**TASK TO COMPLETE**
From the material below, please set down exactly the lines starting with the one with "Jets Swimwear Australia" and going on through the one with "Doublju Womens Full", without a single picture.

**TASK INPUT**
....................
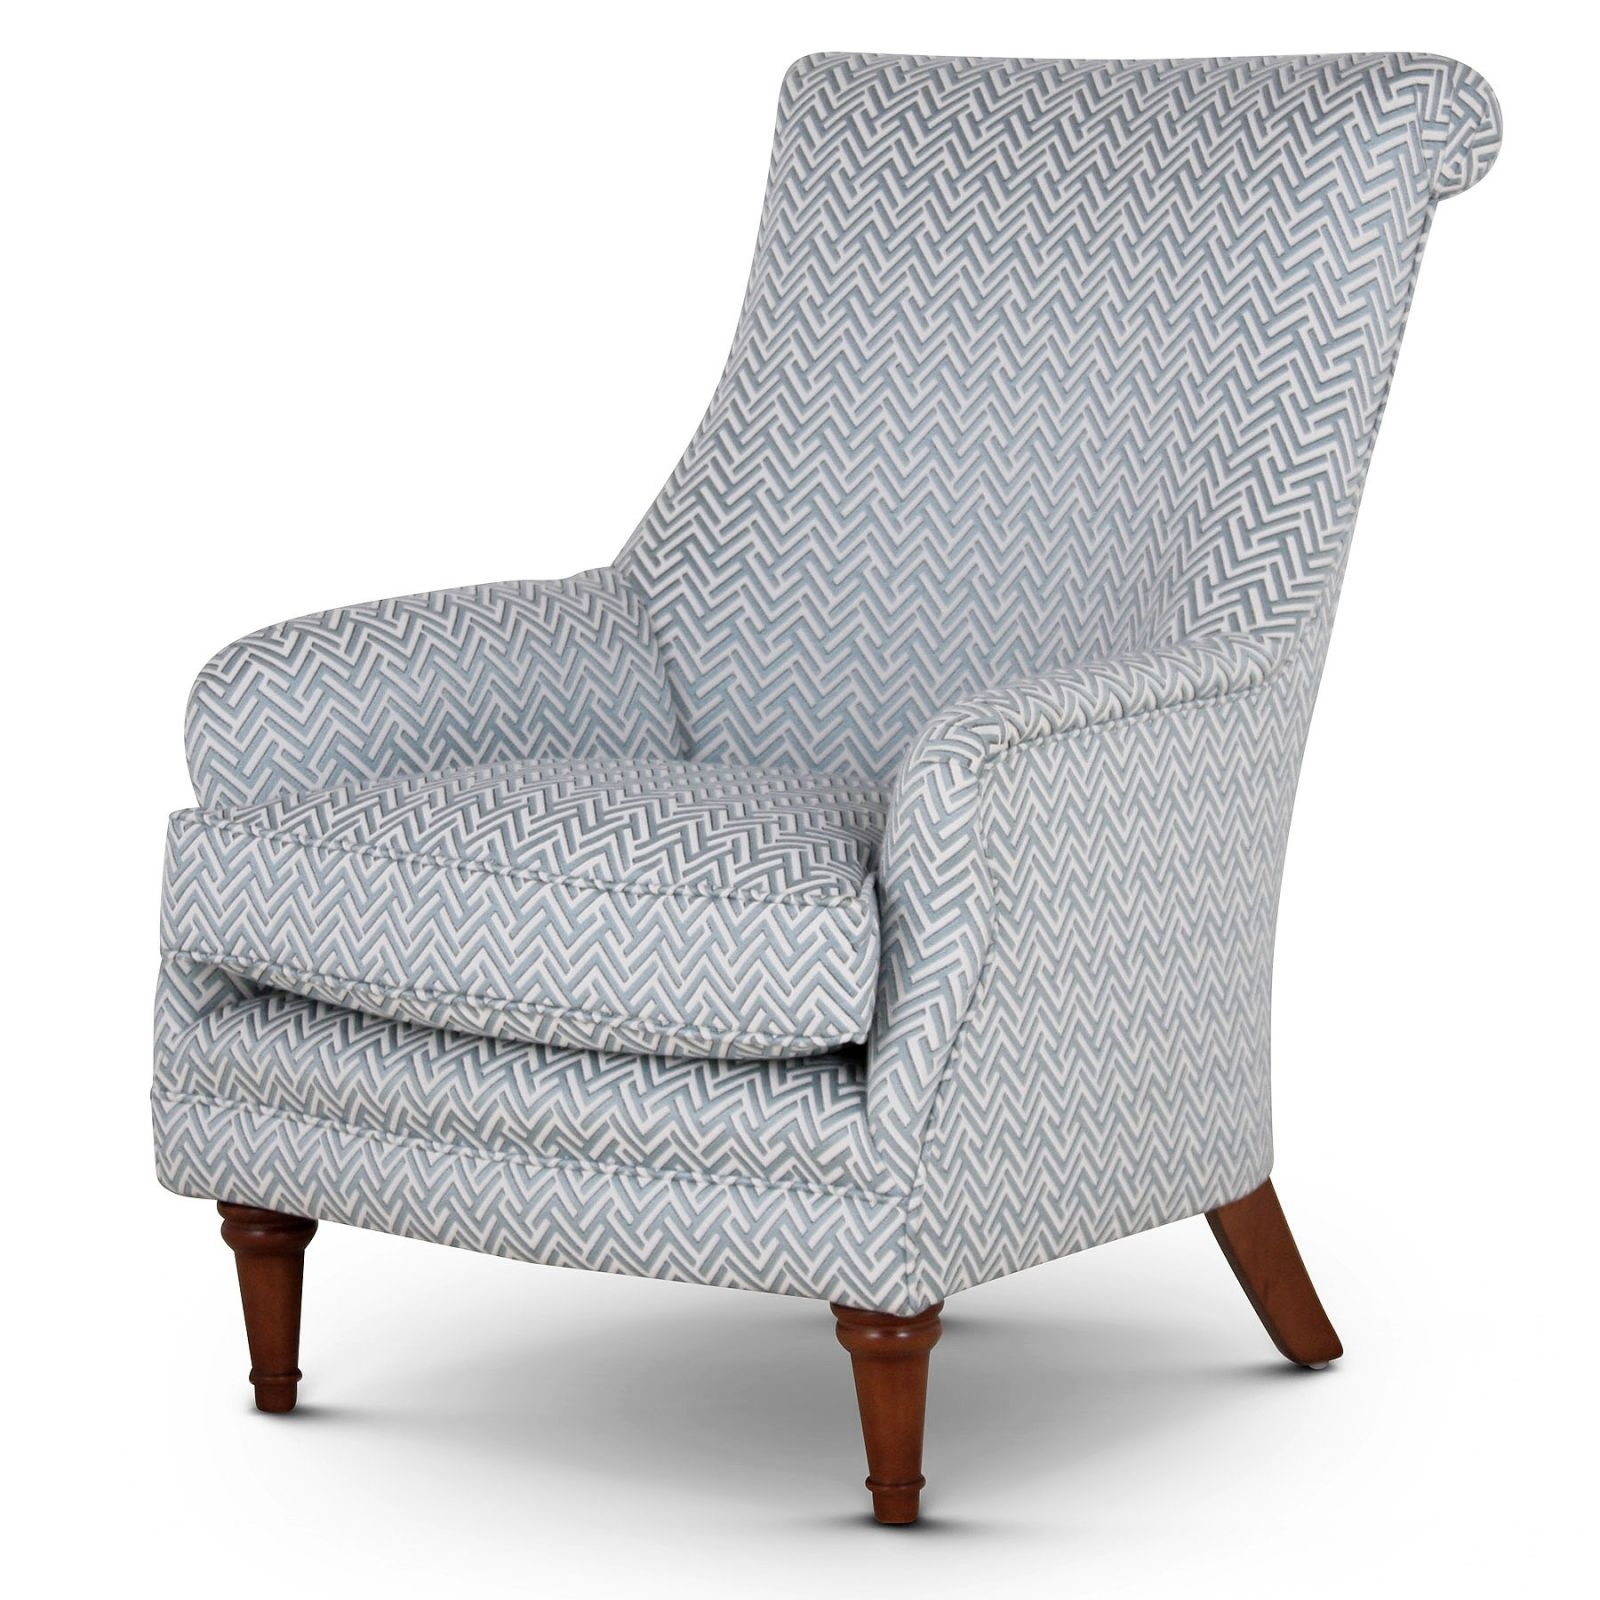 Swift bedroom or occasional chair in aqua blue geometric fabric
....................
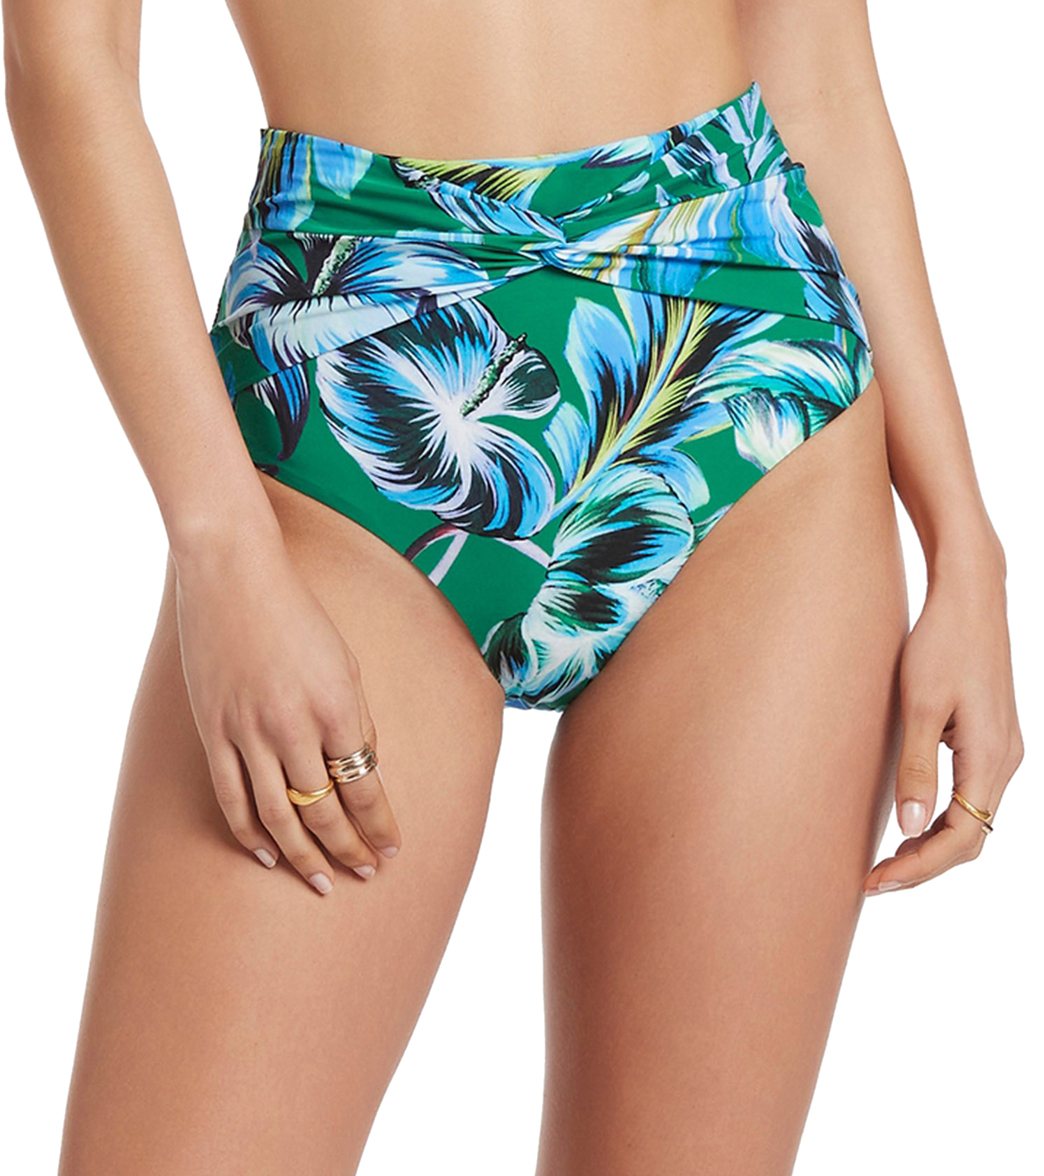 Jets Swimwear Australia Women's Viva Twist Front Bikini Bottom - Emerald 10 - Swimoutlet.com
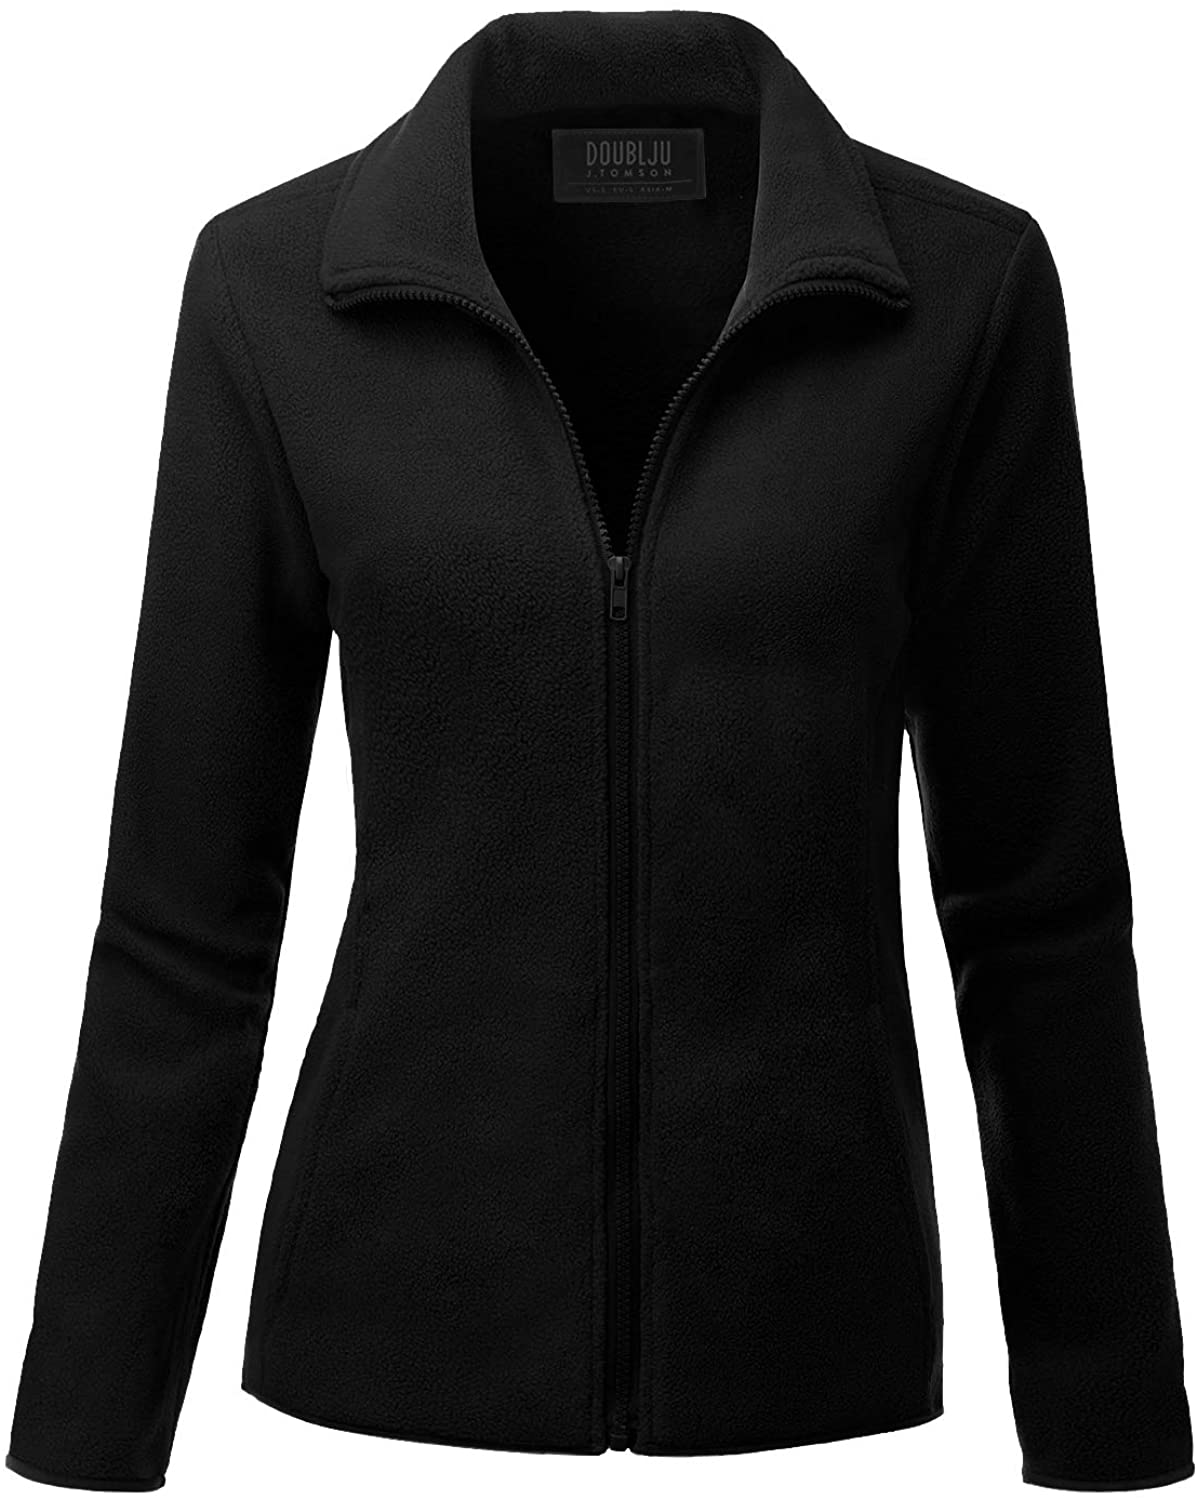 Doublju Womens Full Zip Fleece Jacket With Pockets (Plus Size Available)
....................
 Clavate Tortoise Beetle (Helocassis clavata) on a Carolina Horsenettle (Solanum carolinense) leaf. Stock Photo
....................
**COMPLETED EXERCISE**
 Jets Swimwear Australia Women's Viva Twist Front Bikini Bottom - Emerald 10 - Swimoutlet.com
 Doublju Womens Full Zip Fleece Jacket With Pockets (Plus Size Available)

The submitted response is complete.